> _MATERIAL TO PROCESS_:
******
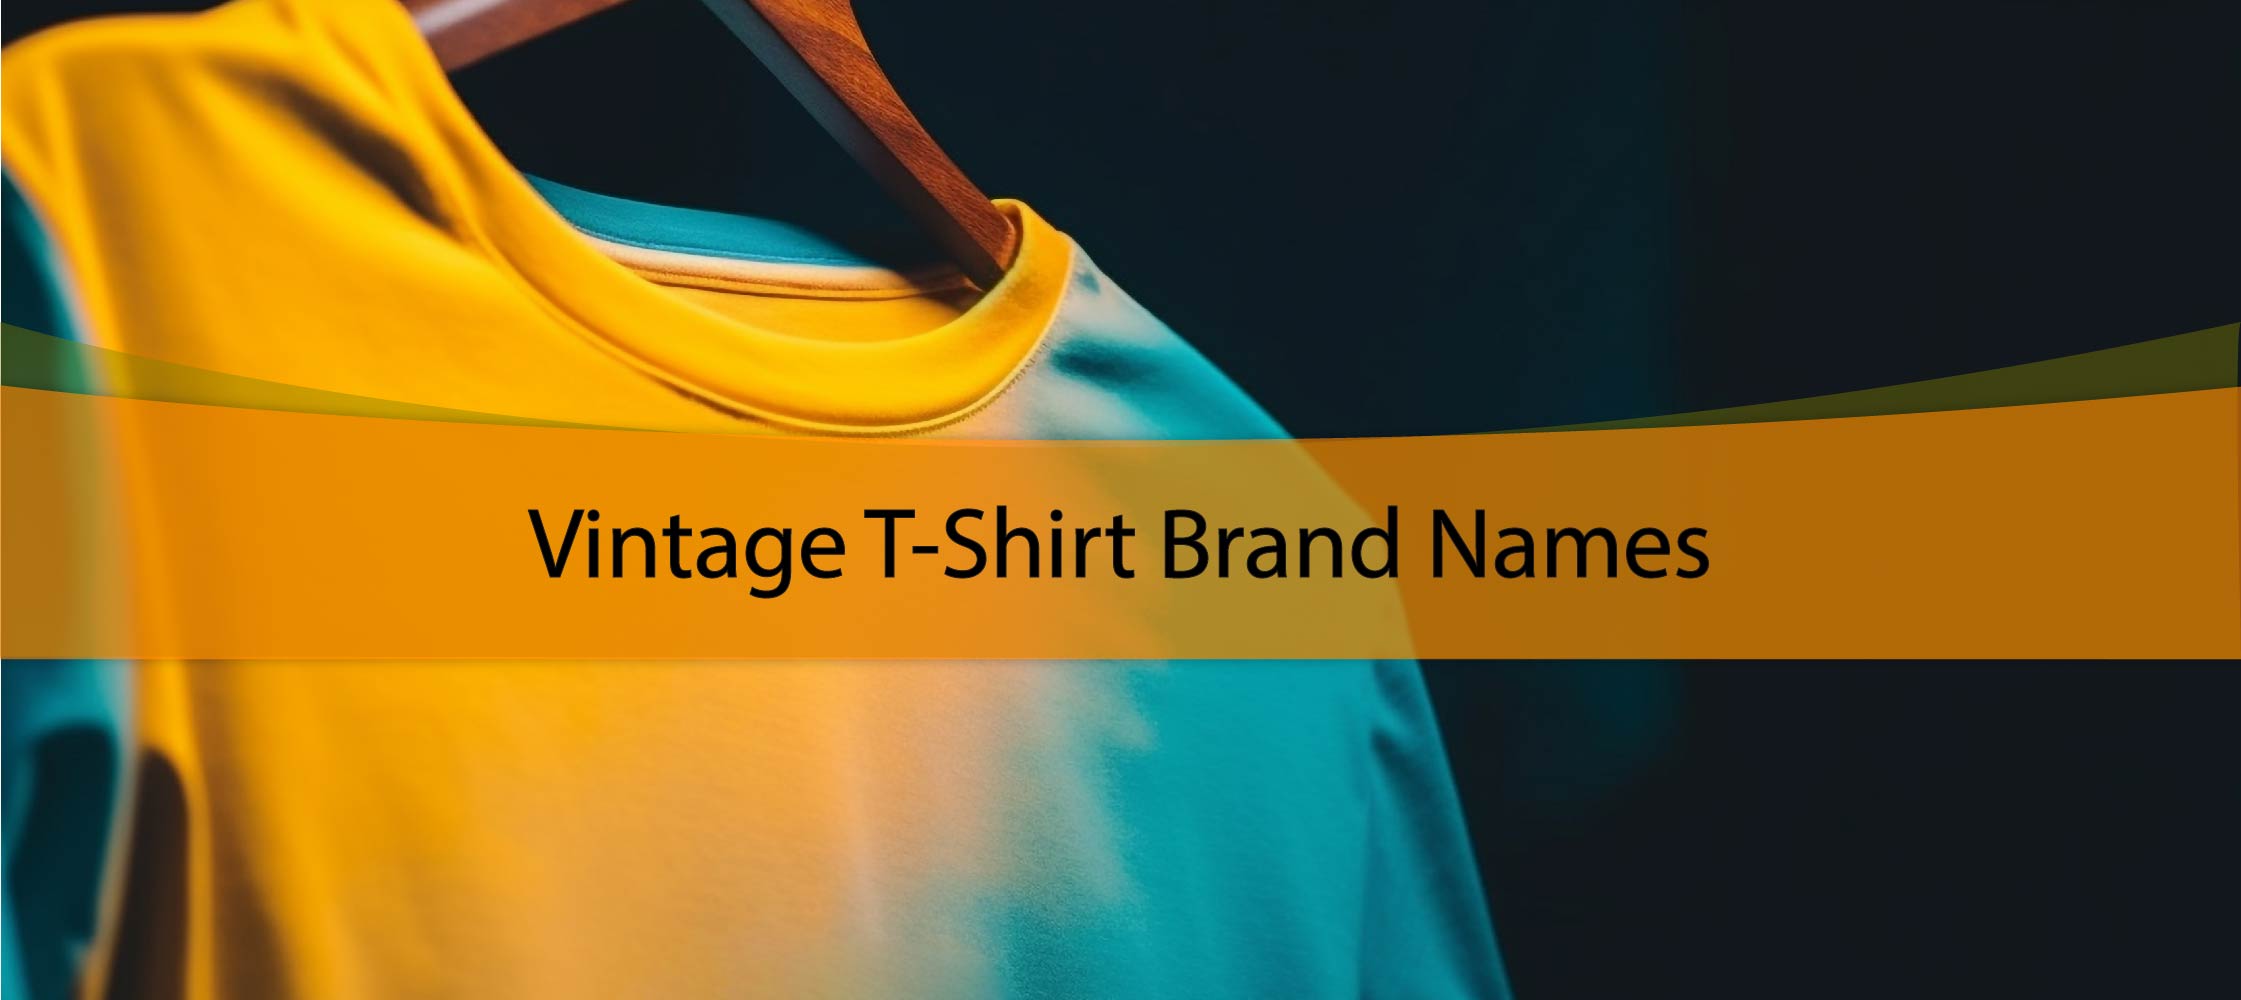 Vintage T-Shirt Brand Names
******
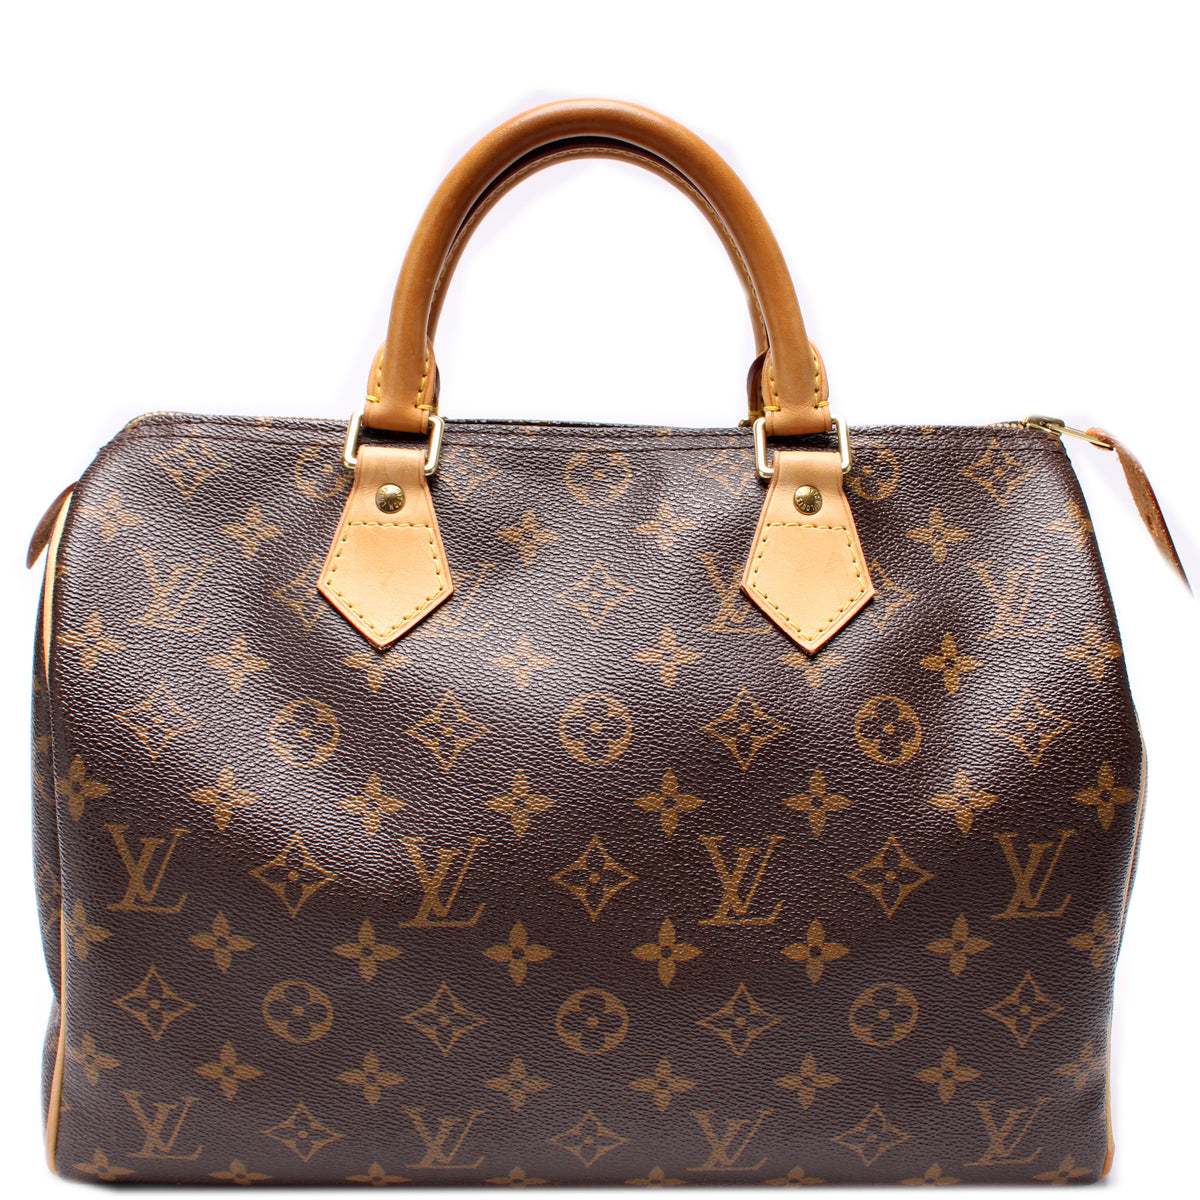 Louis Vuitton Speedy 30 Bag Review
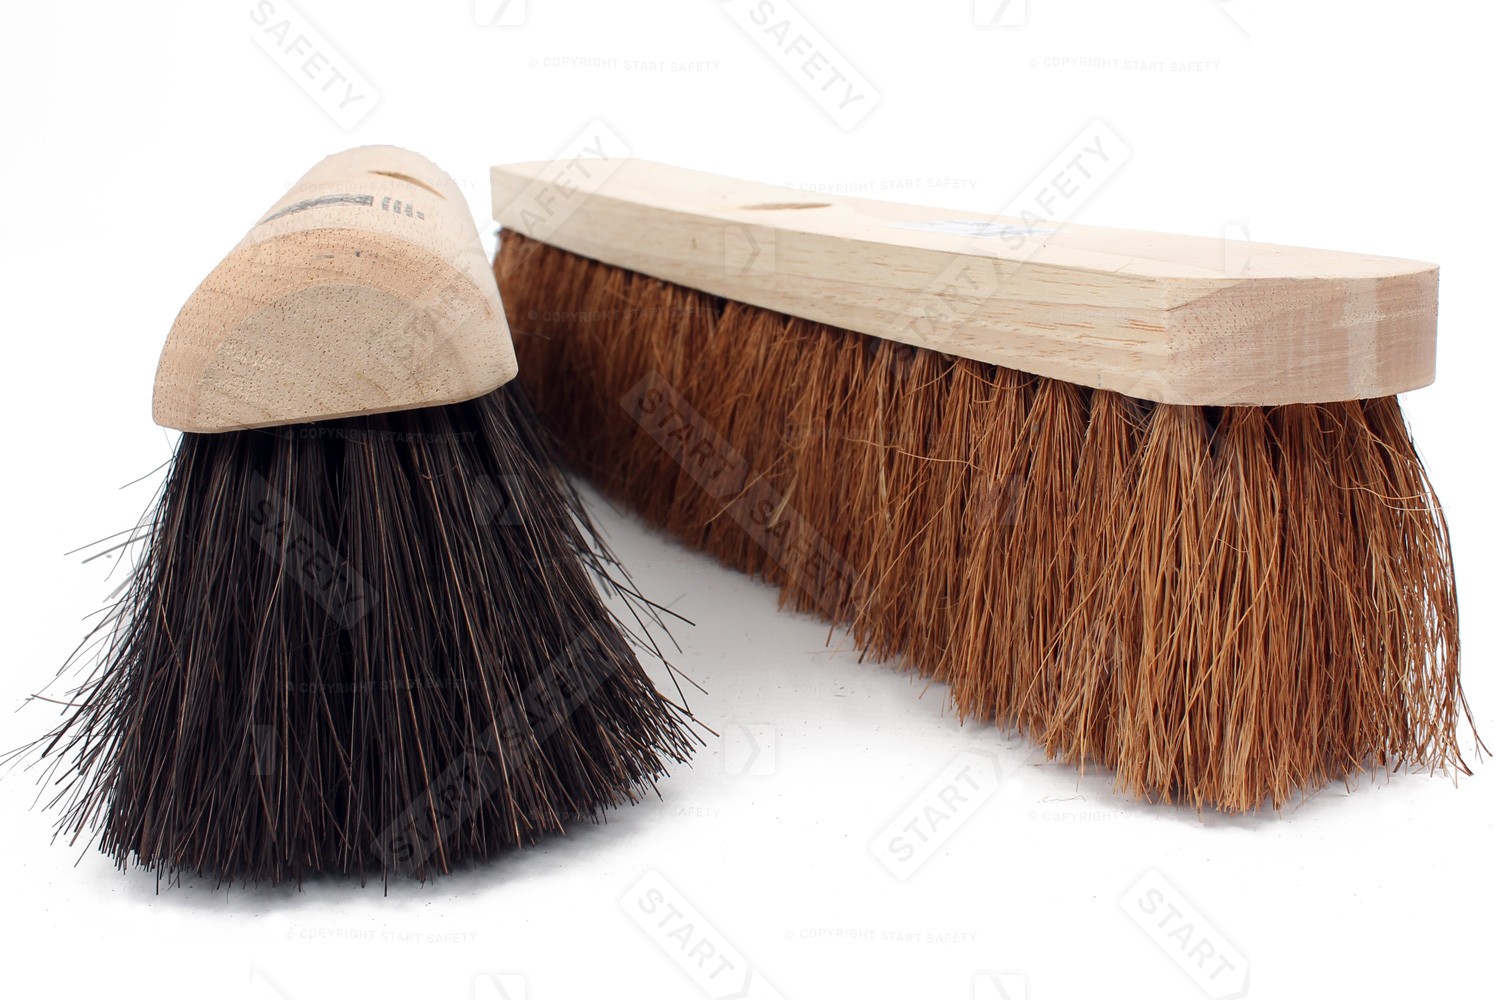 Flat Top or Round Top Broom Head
******
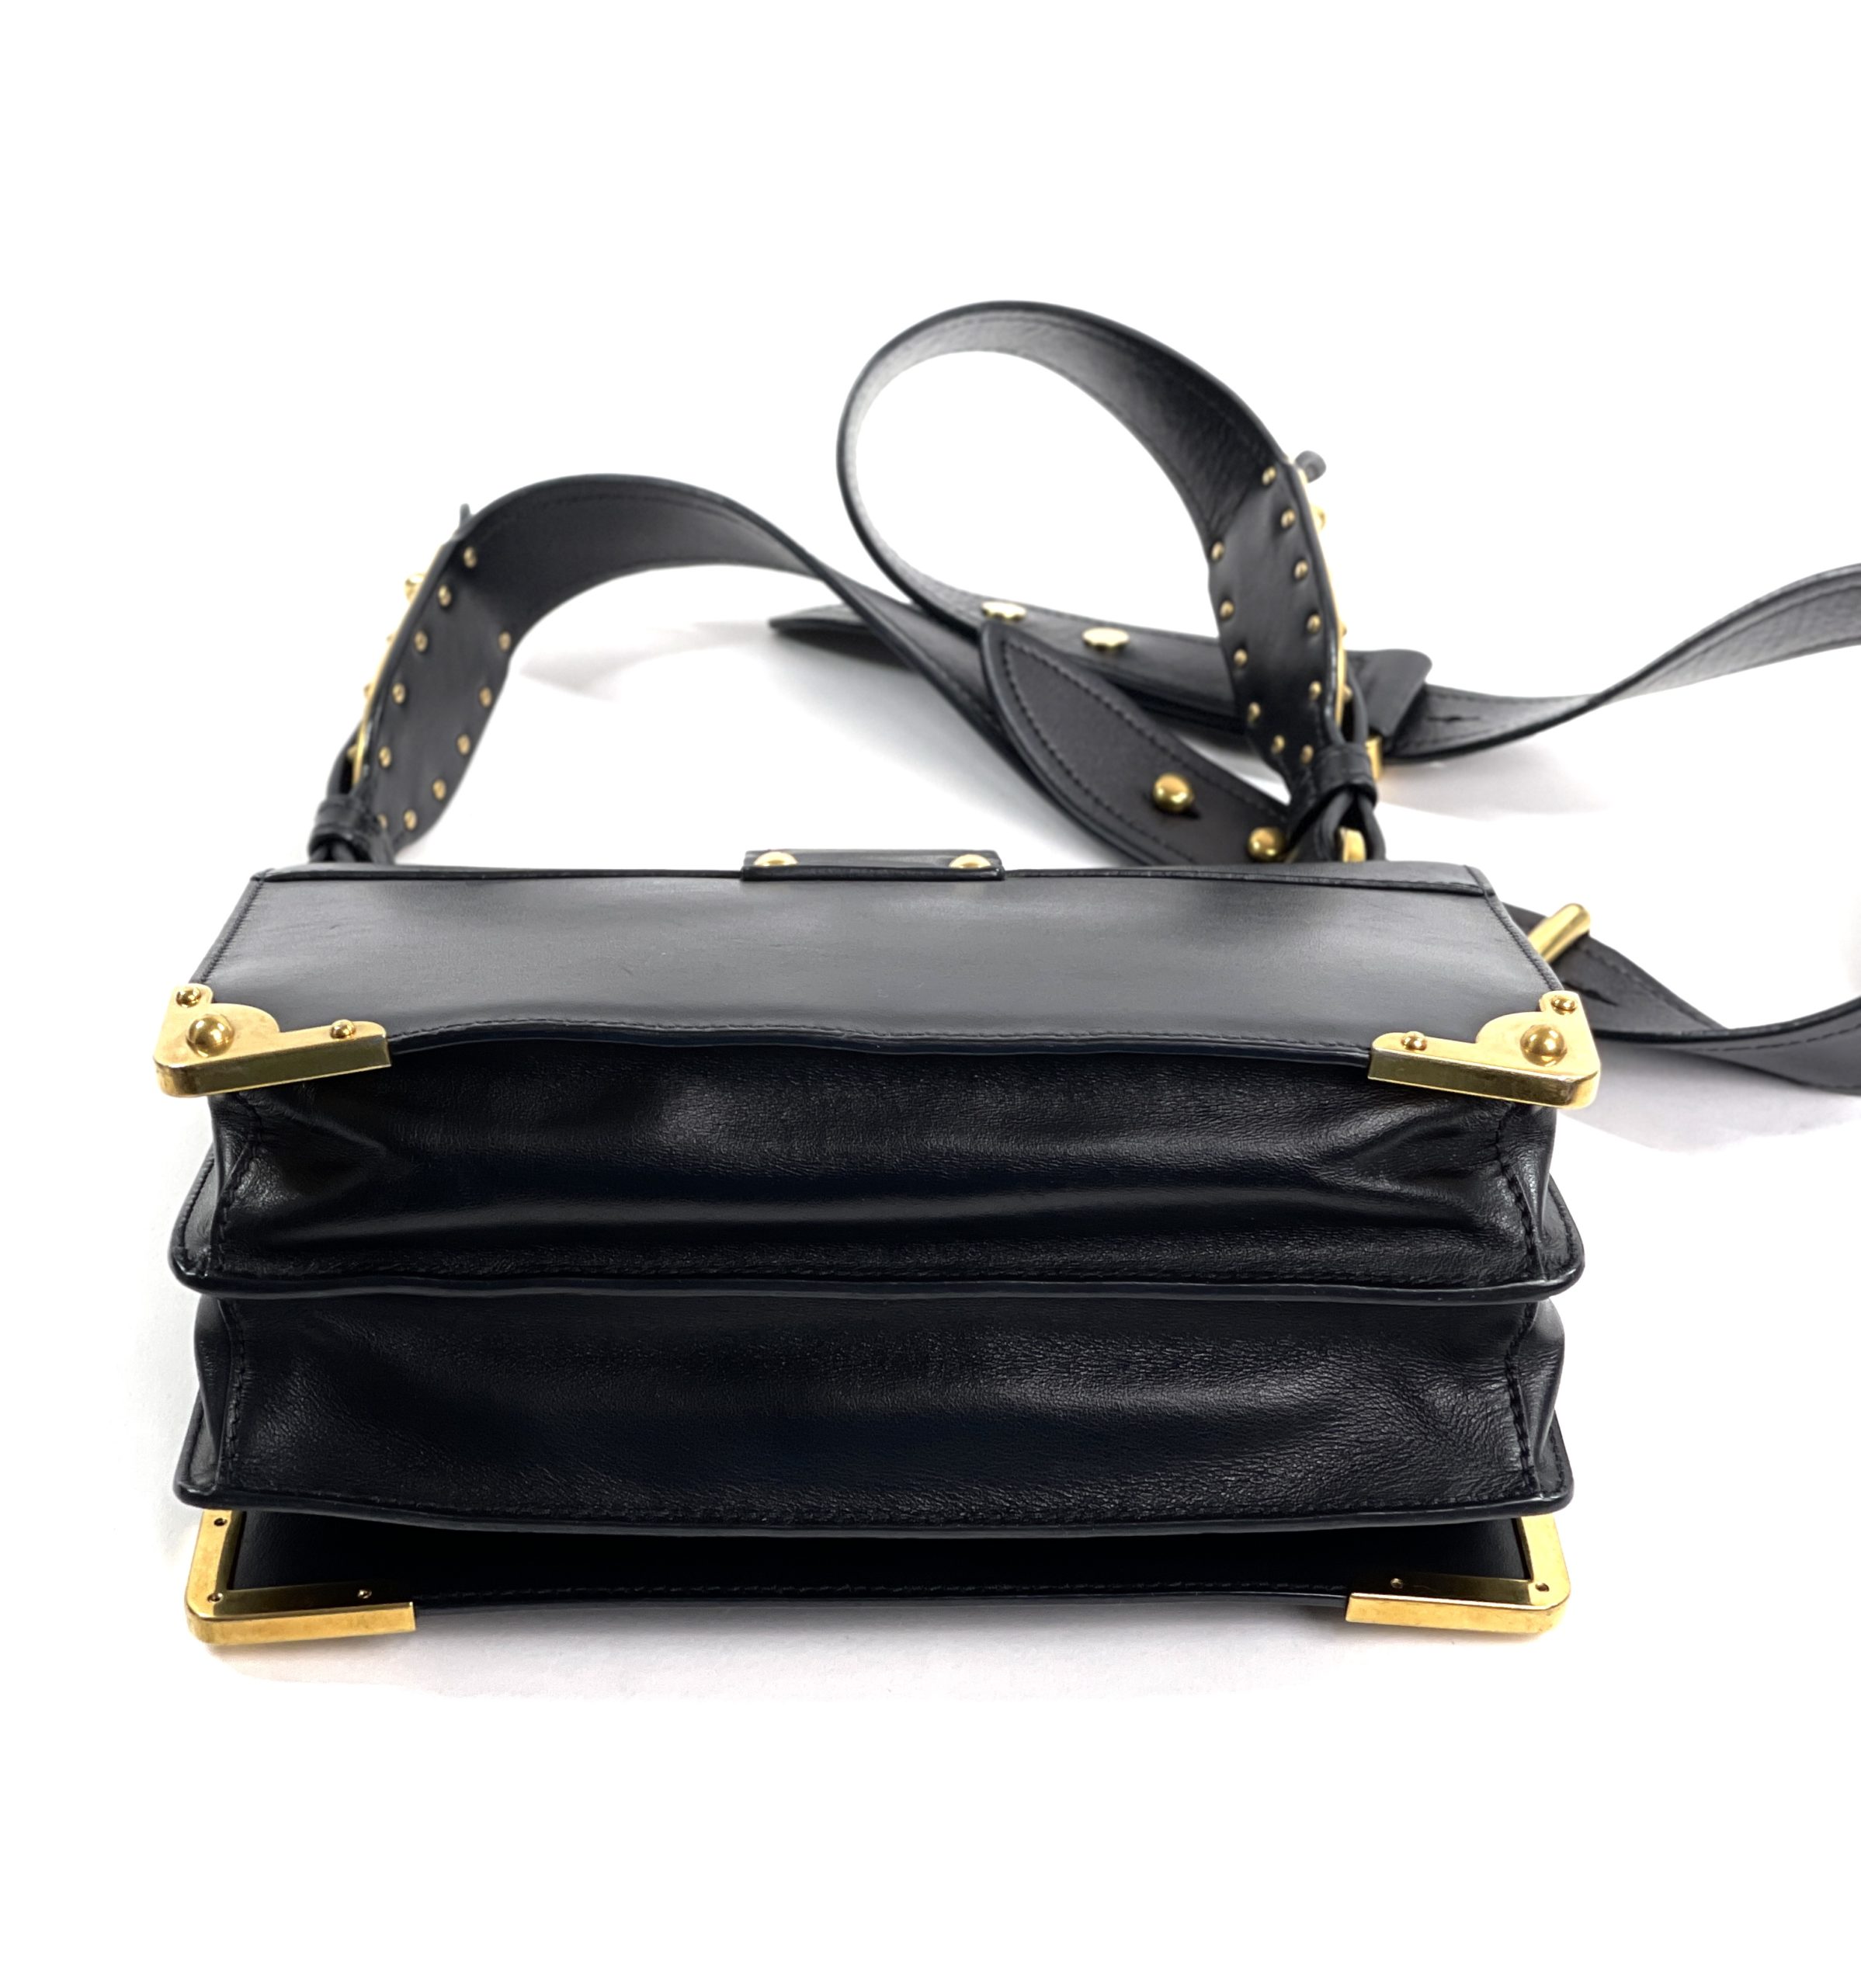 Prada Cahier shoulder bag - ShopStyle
******
> _ACTIVITY_: Print the line above containing "Louis Vuitton Speedy 30 Bag Review", the line containing "Flat Top or Round Top Broom Head", and everything between them, exactly as written. Pictures stay out.

> _RESULT_:
 Louis Vuitton Speedy 30 Bag Review
 Flat Top or Round Top Broom Head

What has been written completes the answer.